::: PROVIDED RECORDS
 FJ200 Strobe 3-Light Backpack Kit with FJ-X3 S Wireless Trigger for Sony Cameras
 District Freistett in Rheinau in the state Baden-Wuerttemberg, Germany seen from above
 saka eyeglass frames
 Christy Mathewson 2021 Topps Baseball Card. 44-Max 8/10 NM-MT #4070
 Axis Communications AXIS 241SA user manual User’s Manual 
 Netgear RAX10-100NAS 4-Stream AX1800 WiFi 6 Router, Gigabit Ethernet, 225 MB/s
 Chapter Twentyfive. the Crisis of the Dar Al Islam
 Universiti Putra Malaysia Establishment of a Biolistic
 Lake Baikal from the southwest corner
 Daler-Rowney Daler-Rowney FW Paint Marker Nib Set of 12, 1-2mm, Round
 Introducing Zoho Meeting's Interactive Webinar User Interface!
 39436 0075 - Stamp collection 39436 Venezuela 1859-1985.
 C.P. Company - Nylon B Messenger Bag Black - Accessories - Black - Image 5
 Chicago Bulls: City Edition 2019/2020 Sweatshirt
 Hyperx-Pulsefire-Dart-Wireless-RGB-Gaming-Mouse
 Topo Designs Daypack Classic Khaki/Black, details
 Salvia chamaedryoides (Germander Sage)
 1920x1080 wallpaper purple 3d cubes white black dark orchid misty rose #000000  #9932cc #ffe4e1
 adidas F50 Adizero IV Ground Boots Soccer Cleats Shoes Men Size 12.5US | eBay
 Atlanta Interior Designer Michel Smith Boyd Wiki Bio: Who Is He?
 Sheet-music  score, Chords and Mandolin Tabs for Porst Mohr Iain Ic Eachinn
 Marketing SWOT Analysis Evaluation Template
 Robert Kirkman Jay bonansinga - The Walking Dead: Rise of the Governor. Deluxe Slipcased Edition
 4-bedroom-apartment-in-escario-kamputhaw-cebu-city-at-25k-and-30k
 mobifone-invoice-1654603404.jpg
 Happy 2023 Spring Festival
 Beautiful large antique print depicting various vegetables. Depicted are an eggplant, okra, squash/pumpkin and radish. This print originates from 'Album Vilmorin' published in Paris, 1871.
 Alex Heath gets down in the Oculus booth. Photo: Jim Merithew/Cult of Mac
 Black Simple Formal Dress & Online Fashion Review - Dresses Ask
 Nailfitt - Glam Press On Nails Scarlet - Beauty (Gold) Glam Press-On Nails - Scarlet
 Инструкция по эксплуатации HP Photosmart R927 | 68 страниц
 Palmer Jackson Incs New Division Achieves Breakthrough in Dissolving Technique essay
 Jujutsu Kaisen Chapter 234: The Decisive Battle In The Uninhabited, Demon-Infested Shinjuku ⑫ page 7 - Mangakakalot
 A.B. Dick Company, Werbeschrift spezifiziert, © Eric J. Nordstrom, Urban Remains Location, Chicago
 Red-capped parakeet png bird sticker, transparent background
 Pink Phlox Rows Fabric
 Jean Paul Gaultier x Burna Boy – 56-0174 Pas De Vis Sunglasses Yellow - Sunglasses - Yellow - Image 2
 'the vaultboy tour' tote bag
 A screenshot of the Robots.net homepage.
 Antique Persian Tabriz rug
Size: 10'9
::::::
## [PROBLEM DESCRIPTION]
Using the records above, report each line with the string "Wireless".

## [RESULT OF THIS TASK]
 FJ200 Strobe 3-Light Backpack Kit with FJ-X3 S Wireless Trigger for Sony Cameras
 Hyperx-Pulsefire-Dart-Wireless-RGB-Gaming-Mouse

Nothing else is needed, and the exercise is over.